** Opening Material provided block **

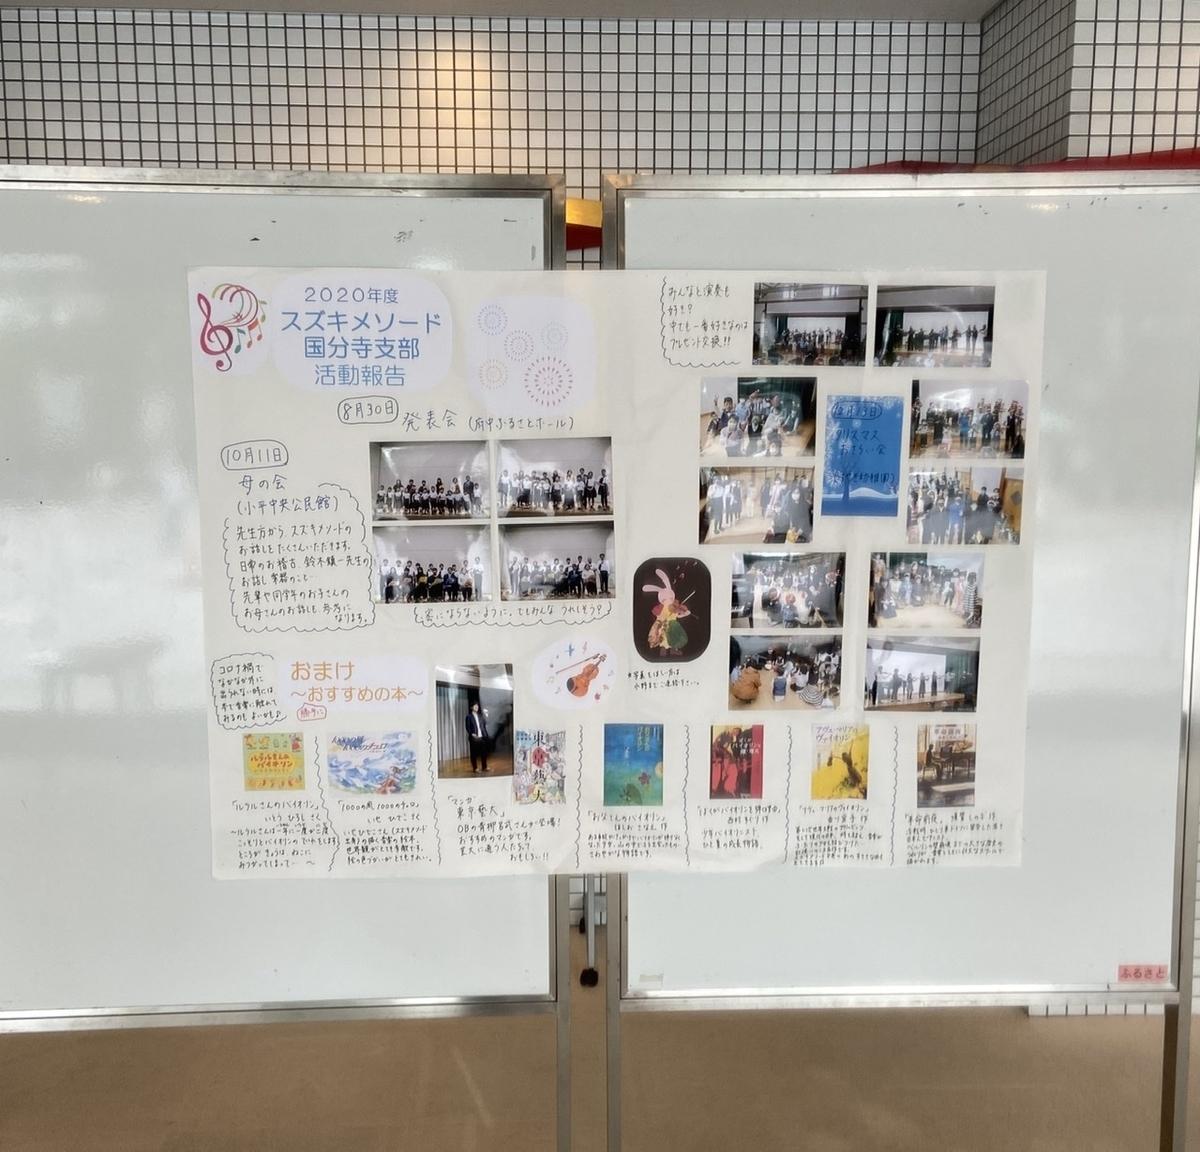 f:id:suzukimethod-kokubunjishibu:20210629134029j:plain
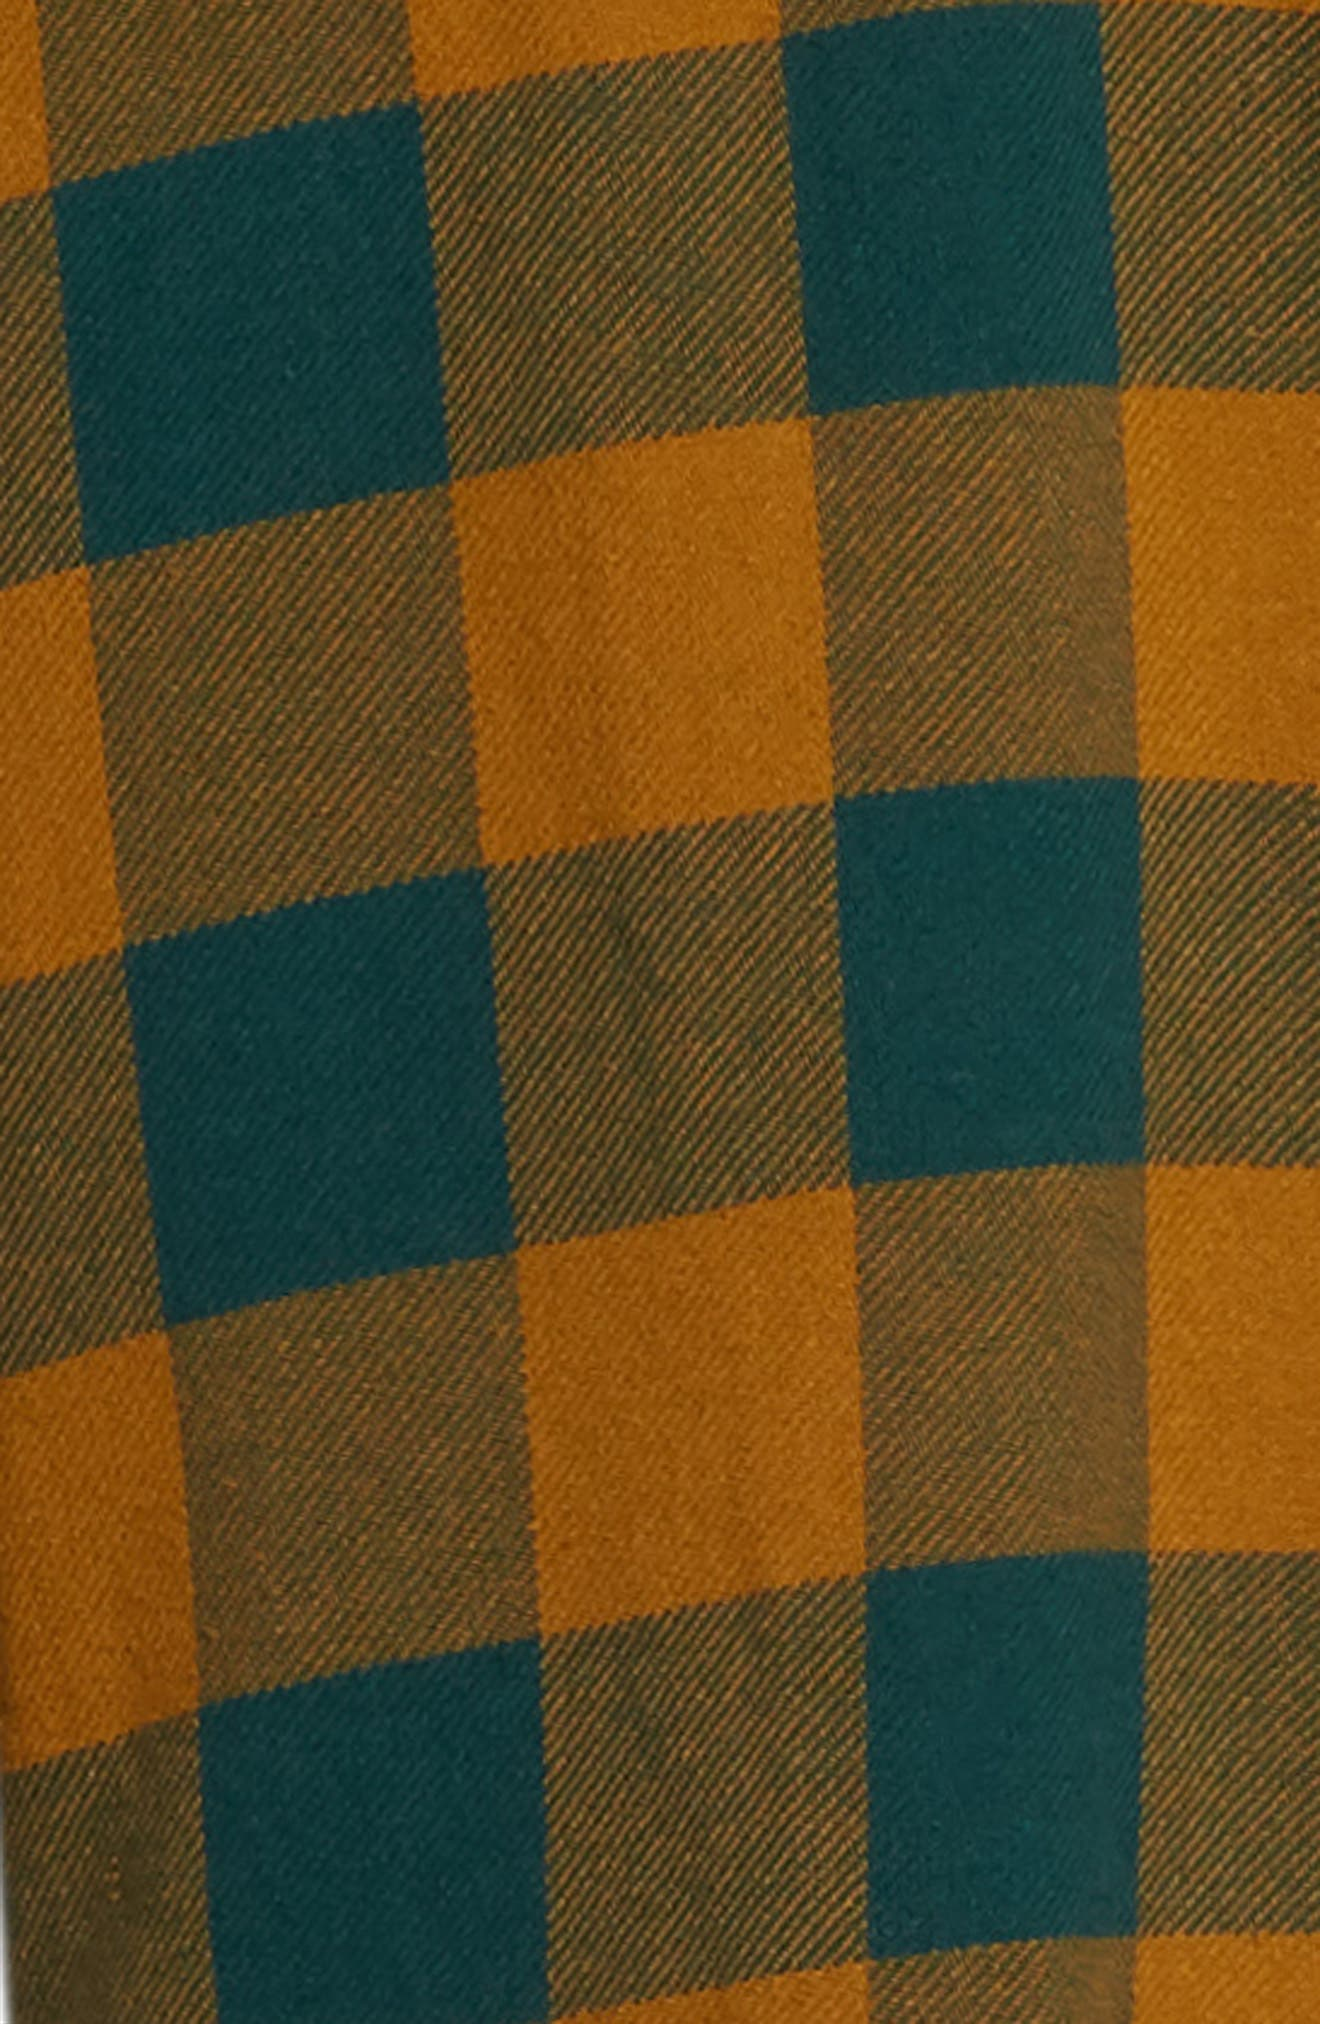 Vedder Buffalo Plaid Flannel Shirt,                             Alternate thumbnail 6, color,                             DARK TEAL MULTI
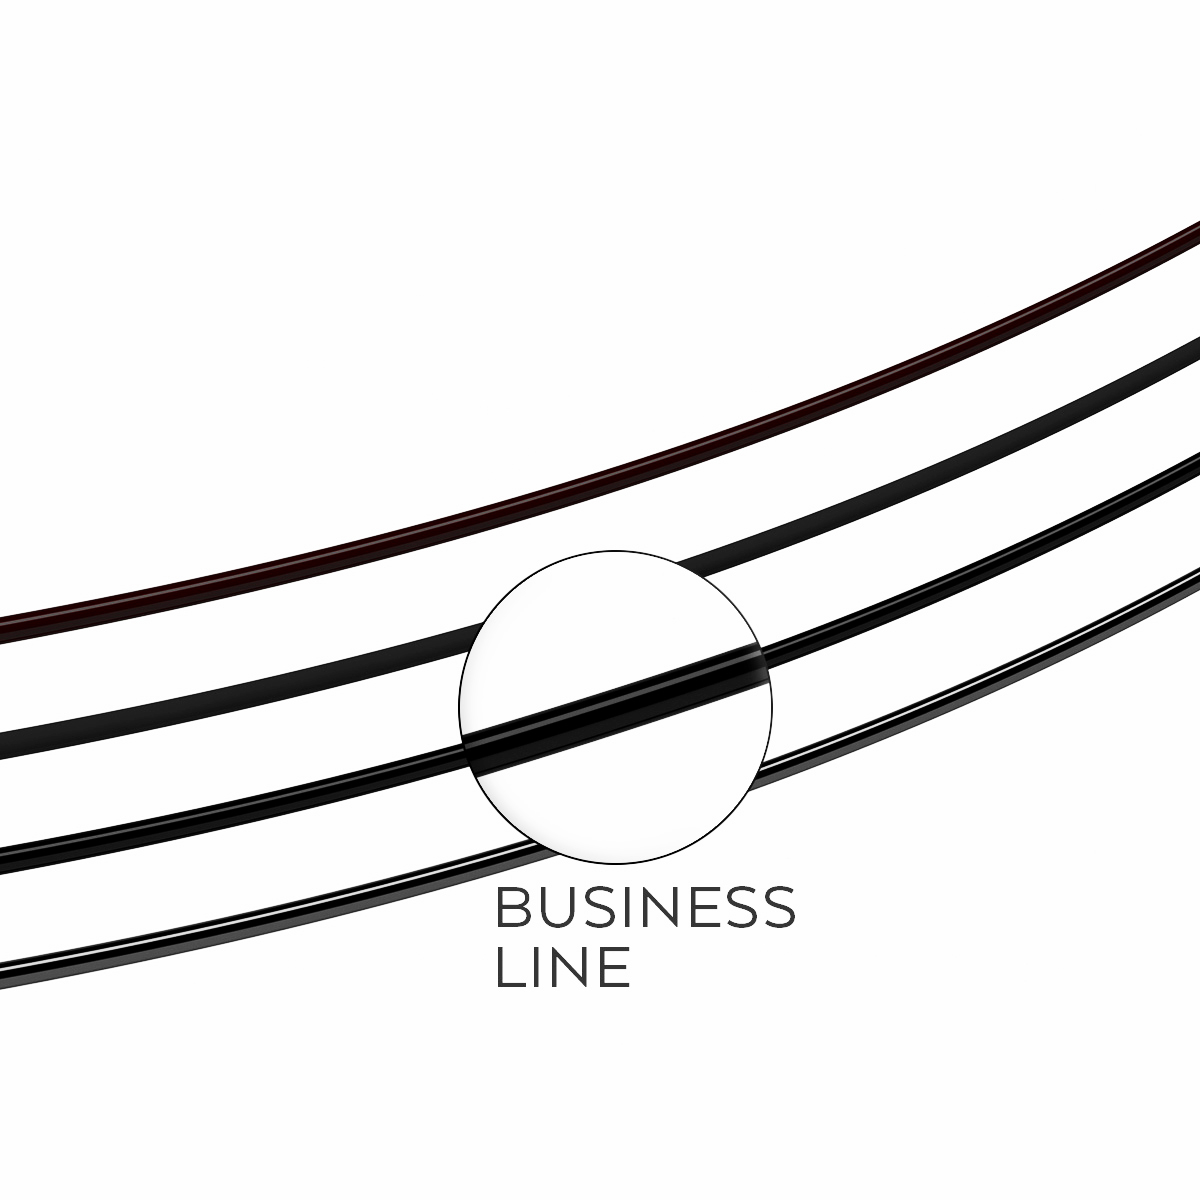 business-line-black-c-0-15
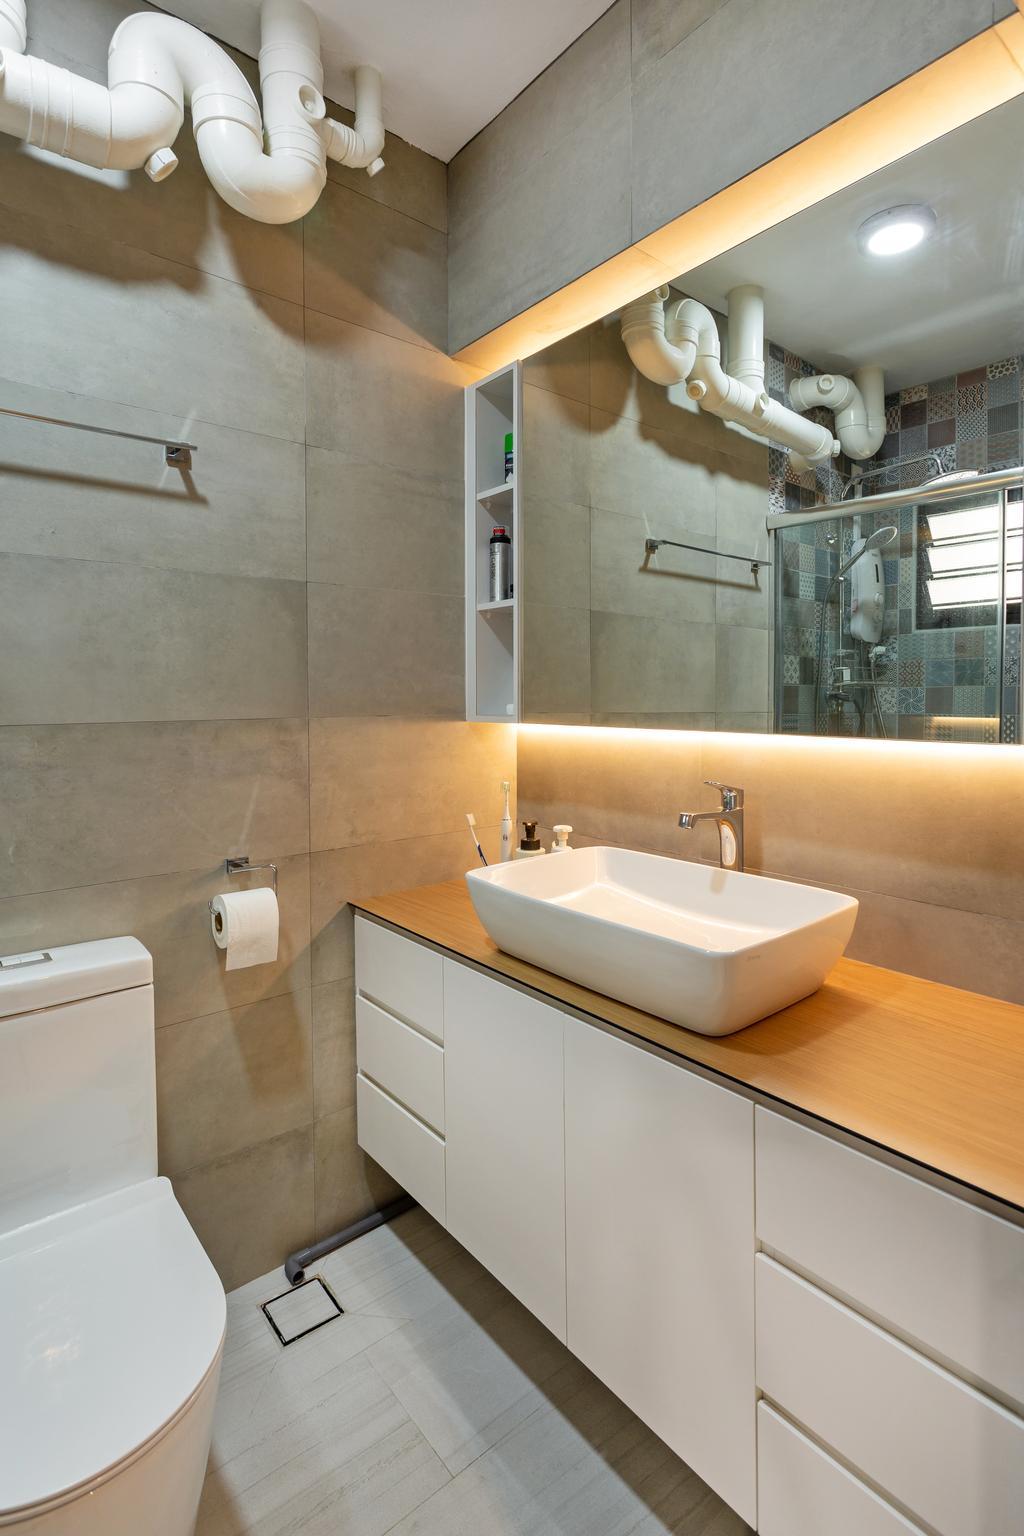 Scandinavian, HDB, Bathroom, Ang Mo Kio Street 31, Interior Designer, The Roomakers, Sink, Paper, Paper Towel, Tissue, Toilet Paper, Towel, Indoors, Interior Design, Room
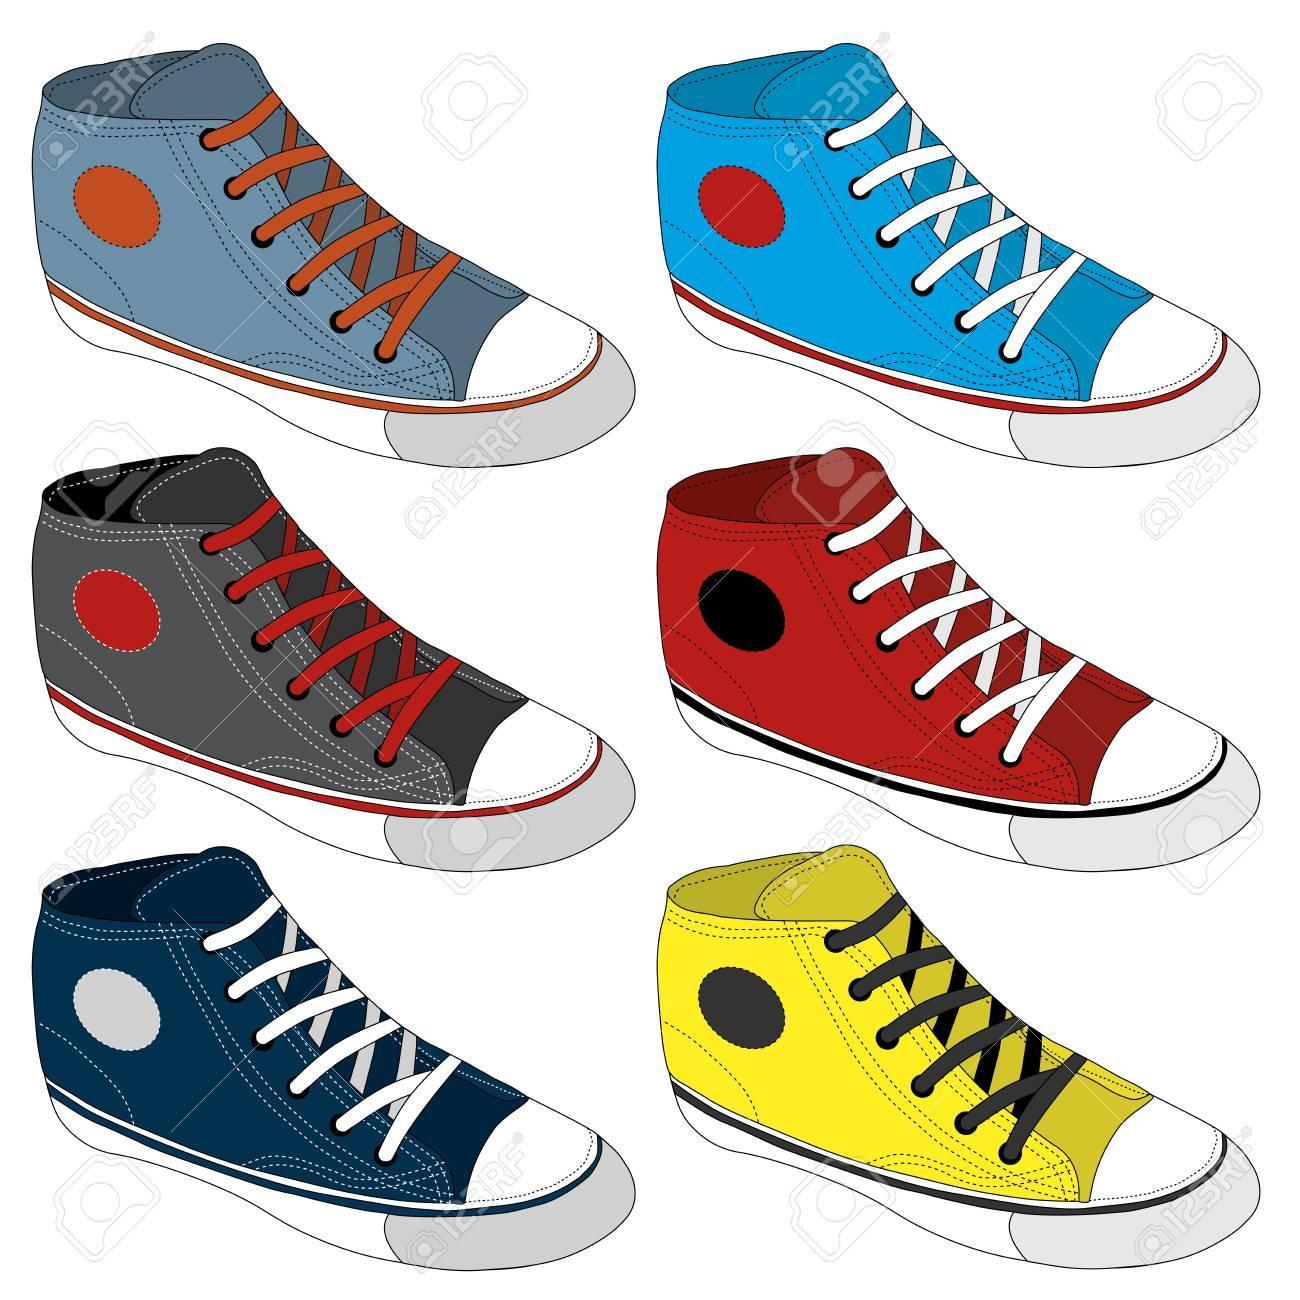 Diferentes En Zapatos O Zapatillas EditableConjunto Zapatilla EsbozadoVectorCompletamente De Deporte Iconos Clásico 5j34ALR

** Closing Material provided block **

▸ What you need to do
Leaving out all pictures, repeat word for word the lines from the one containing "business-line-black-c-0-15" through the final line of the material above.

▸ Written solution
 business-line-black-c-0-15
 Scandinavian, HDB, Bathroom, Ang Mo Kio Street 31, Interior Designer, The Roomakers, Sink, Paper, Paper Towel, Tissue, Toilet Paper, Towel, Indoors, Interior Design, Room
 Diferentes En Zapatos O Zapatillas EditableConjunto Zapatilla EsbozadoVectorCompletamente De Deporte Iconos Clásico 5j34ALR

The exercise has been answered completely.